1. There is something to be explained, that is, the subjective content associated with a conscious sensation (what philosophers refer to as QUALIA; see also WHAT-IT'S-LIKE) does exist and has its physical basis in the brain.

2. Consciousness is one of the principal properties of the human brain, a highly evolved system; it must therefore have a useful function to perform. Crick and Koch (1995) assume that the function of visual consciousness is to produce the best current interpretation of the visual scene -- in the light of past experiences -- and to make it available for a sufficient time to the parts of the brain that contemplate, plan, and execute voluntary motor outputs (including language). This needs to be contrasted with the on-line systems that bypass consciousness but can generate stereotyped behaviors (see below).

3. At least some animal species (i.e., non-human primates such as the macaque monkey) are assumed to possess some aspects of consciousness. Consciousness associated with sensory events is likely to be very similar in humans and monkeys for several reasons. First, trained monkeys behave as humans do under controlled conditions for most sensory tasks (e.g., visual motion discrimination; see MOTION, PERCEPTION OF; Wandell 1995). Second, the gross neuroanatomy of humans and nonhuman primates is the same, once the difference in size has been accounted for. Finally, MAGNETIC RESONANCE IMAGING in humans is confirming the existence of a functional organization very similar to that discovered by single-cell electrophysiology in the monkey (Tootell et al. 1996). As a corollary, it follows that language is not necessary for consciousness to occur (although it greatly enriches human consciousness). In the following, we will mainly concentrate on sensory consciousness, and, in particular, on visual consciousness, because it is experimentally the most accessible and the best understood.

Cognitive and clinical research demonstrates that much complex information processing can occur without involving consciousness, both in normals as well as in patients. Examples of this include BLINDSIGHT (Weiskrantz 1997), priming, and the implicit recognition of complex sequences (Velmans 1991; Berns, Cohen, and Mintun 1997). Milner and Goodale (1995) have made a masterful case for the existence of so-called on-line visual systems that bypass consciousness, and that serve to mediate relative stereotype visual-motor behaviors, such as eye and arm movements as well as posture adjustments, in a very rapid manner. On-line systems work in egocentric coordinate systems and lack both certain types of perceptual ILLUSIONS (e.g. size illusion) and direct access to WORKING MEMORY. Milner and Goodale (1995; see also Rossetti forthcoming) hypothesize that on-line systems are associated with the dorsal stream of visual information in the CEREBRAL CORTEX, originating in the primary VISUAL CORTEX (V1) and terminating in the posterior parietal cortex (see VISUAL PROCESSING STREAMS). This contrasts well with the function of consciousness alluded to above, namely, to synthesize information from many different sources and use it to plan behavioral patterns over time.

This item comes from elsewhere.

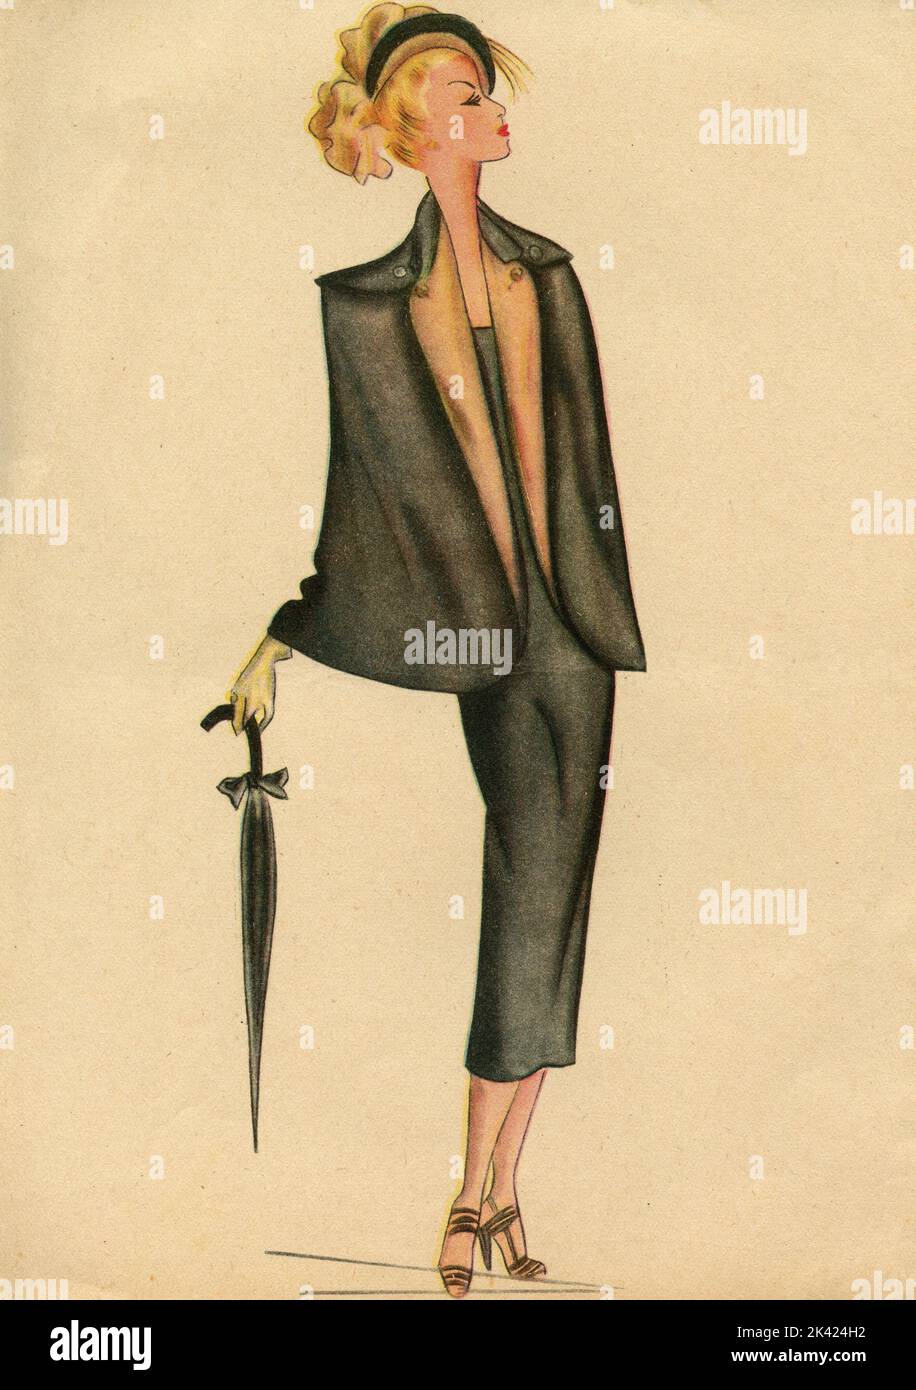 Femme dessin d'illustration de mode: Croquis de vêtements et accessoires, Italie 1940s Banque D'Images

What is the neuronal correlate of consciousness? Most popular has been the belief that consciousness arises as an emergent property of a very large collection of interacting neurons (Popper and Eccles 1981; Libet 1995). An alternative hypothesis is that there are special sets of "consciousness" neurons distributed throughout cortex (and associated systems, such as the THALAMUS and the BASAL GANGLIA) that represent the ultimate neuronal correlate of consciousness (NCC), in the sense that activity of an appropriate subset of them is both necessary and sufficient to give rise to an appropriate conscious experience or percept (Crick and Koch 1995). NCC neurons would, most likely, be characterized by a unique combination of molecular, biophysical, pharmacological, and anatomical traits. It is also possible, of course, that all cortical neurons may be capable of participating in the representation of one percept or another, at one time or another, though not necessarily doing so for all percepts. The secret of consciousness would then consist of all cortical neurons representing that particular percept at that moment (see BINDING BY NEURAL SYNCHRONY).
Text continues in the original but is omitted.